Only the lines from the one with "Tech21 Evo Sparkle" through the end of the data below belong in the answer, restated word for word, pictures excluded.

====== Data block ======

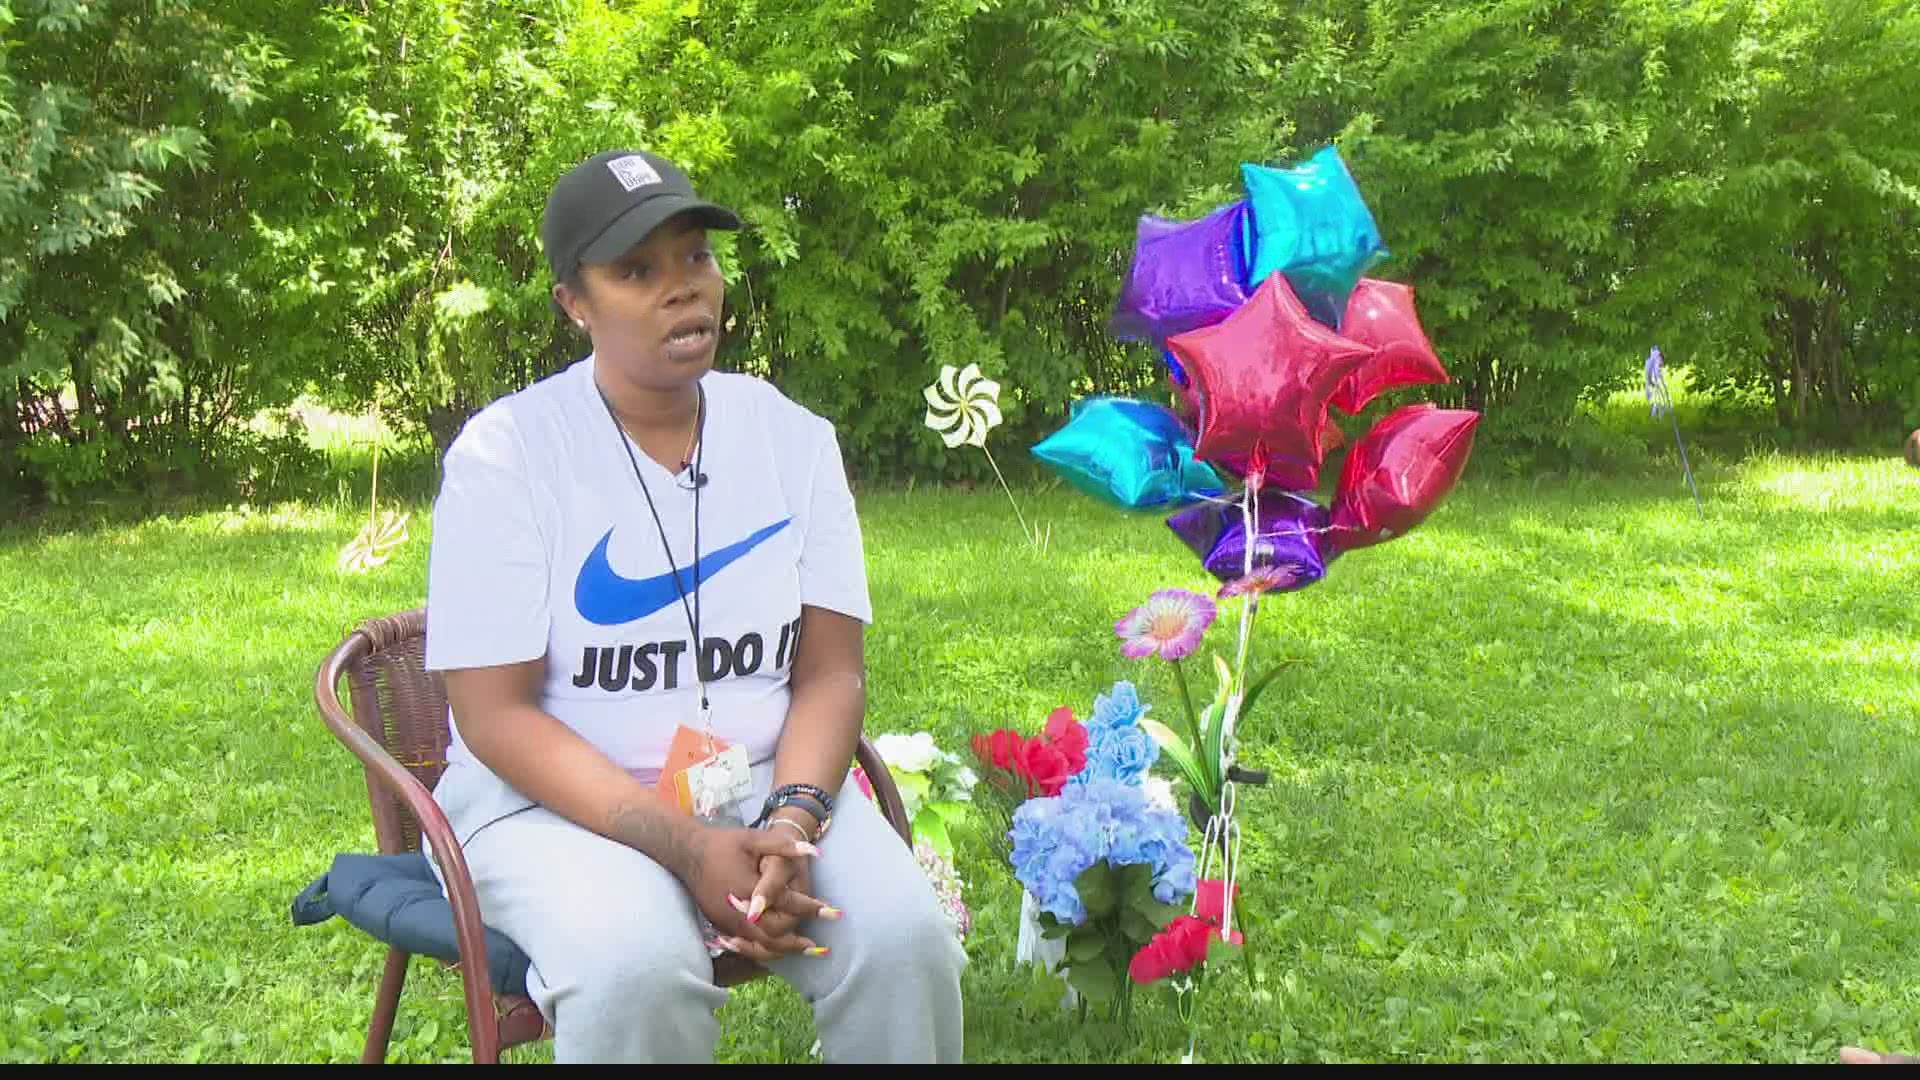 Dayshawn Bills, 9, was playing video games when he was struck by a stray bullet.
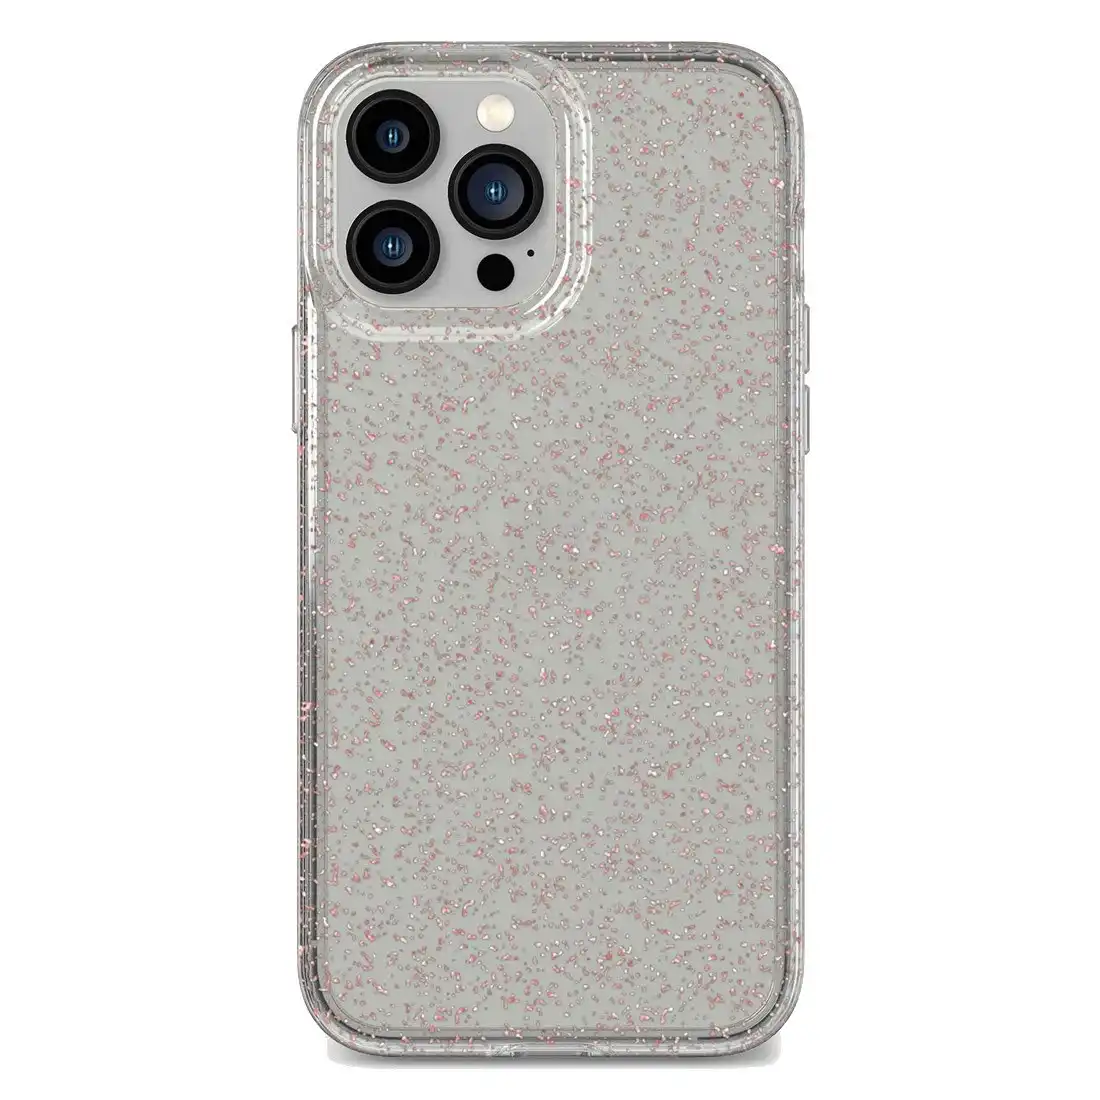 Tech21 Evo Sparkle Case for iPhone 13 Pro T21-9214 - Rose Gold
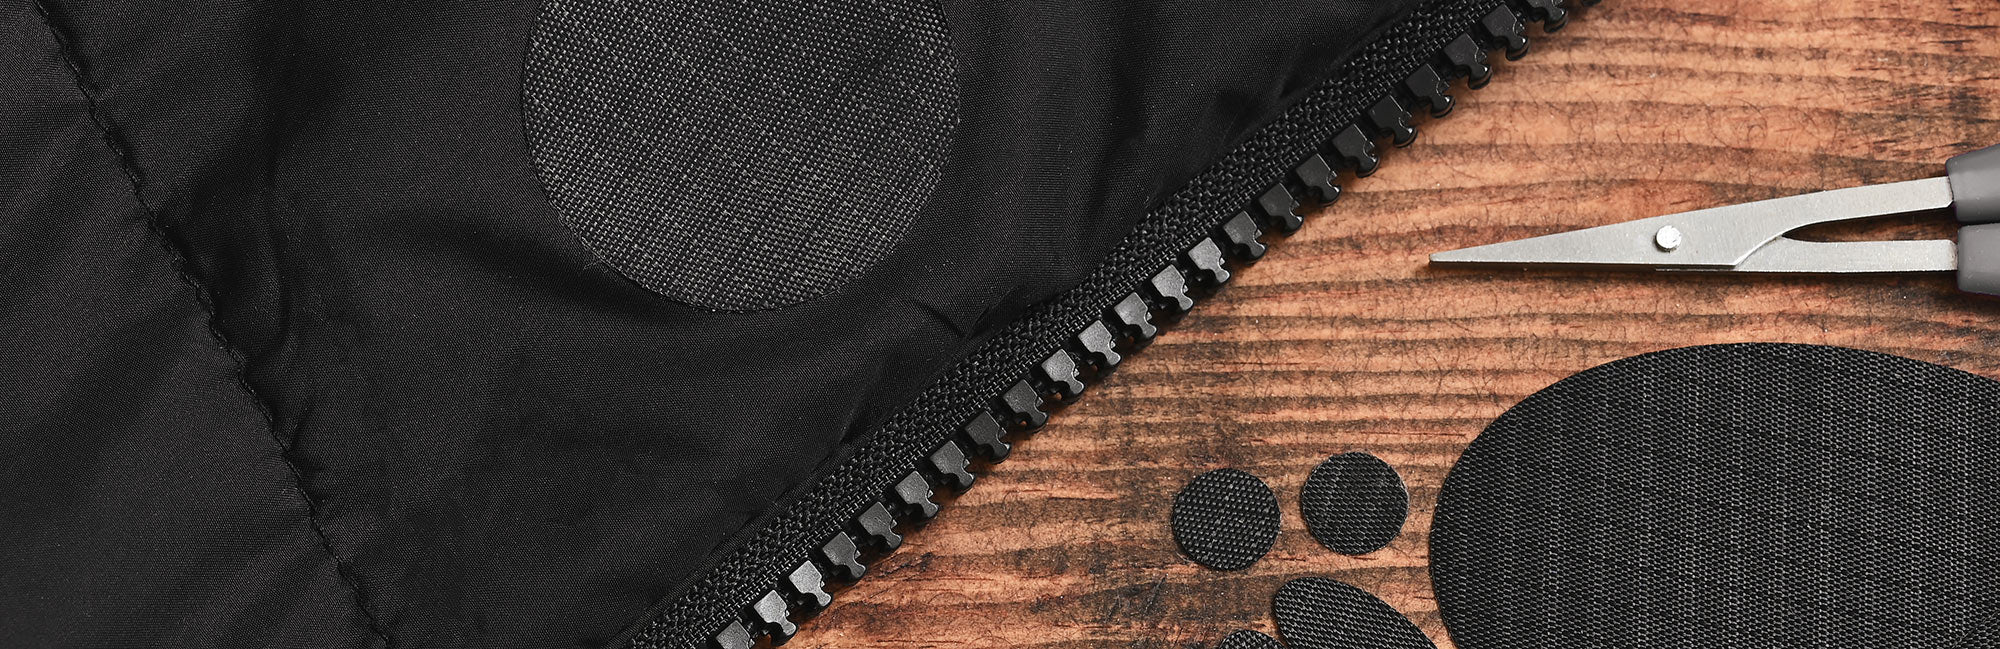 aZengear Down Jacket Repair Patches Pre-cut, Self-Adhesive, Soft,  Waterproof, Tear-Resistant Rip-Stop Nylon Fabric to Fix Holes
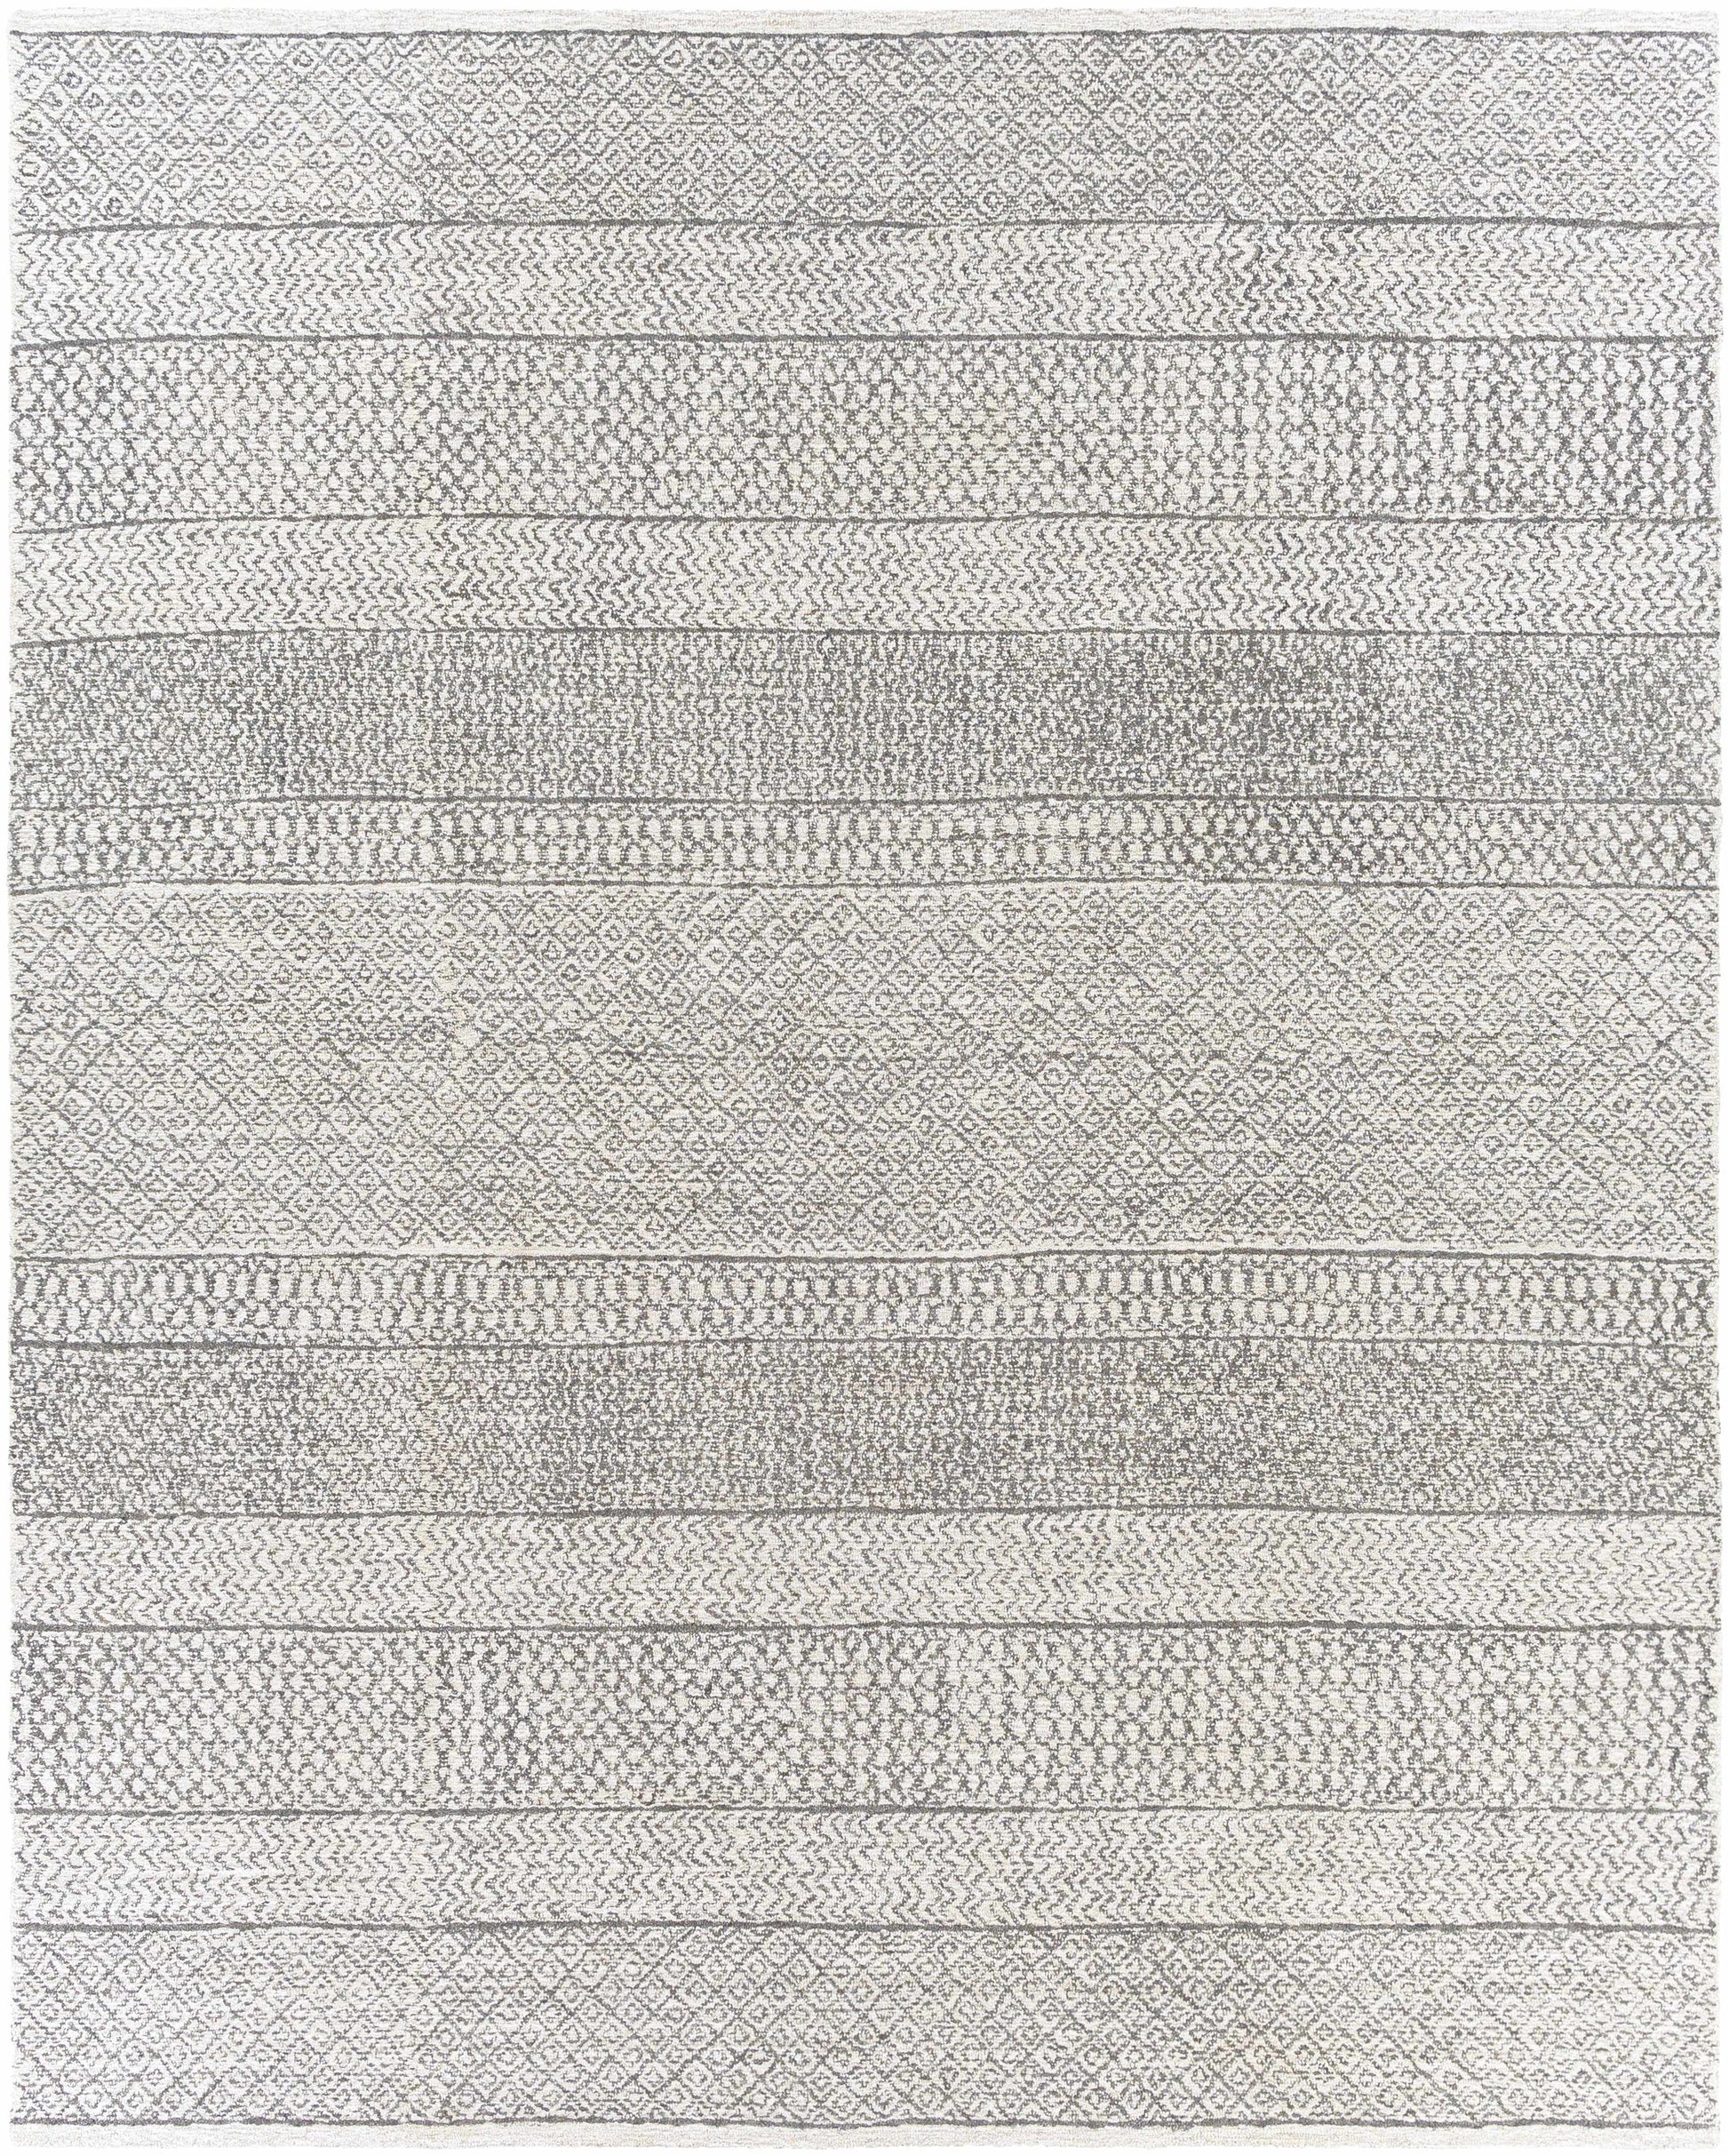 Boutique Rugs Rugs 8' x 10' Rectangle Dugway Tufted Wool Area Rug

======

* Answer area *
 Tech21 Evo Sparkle Case for iPhone 13 Pro T21-9214 - Rose Gold
 aZengear Down Jacket Repair Patches Pre-cut, Self-Adhesive, Soft,  Waterproof, Tear-Resistant Rip-Stop Nylon Fabric to Fix Holes
 Boutique Rugs Rugs 8' x 10' Rectangle Dugway Tufted Wool Area Rug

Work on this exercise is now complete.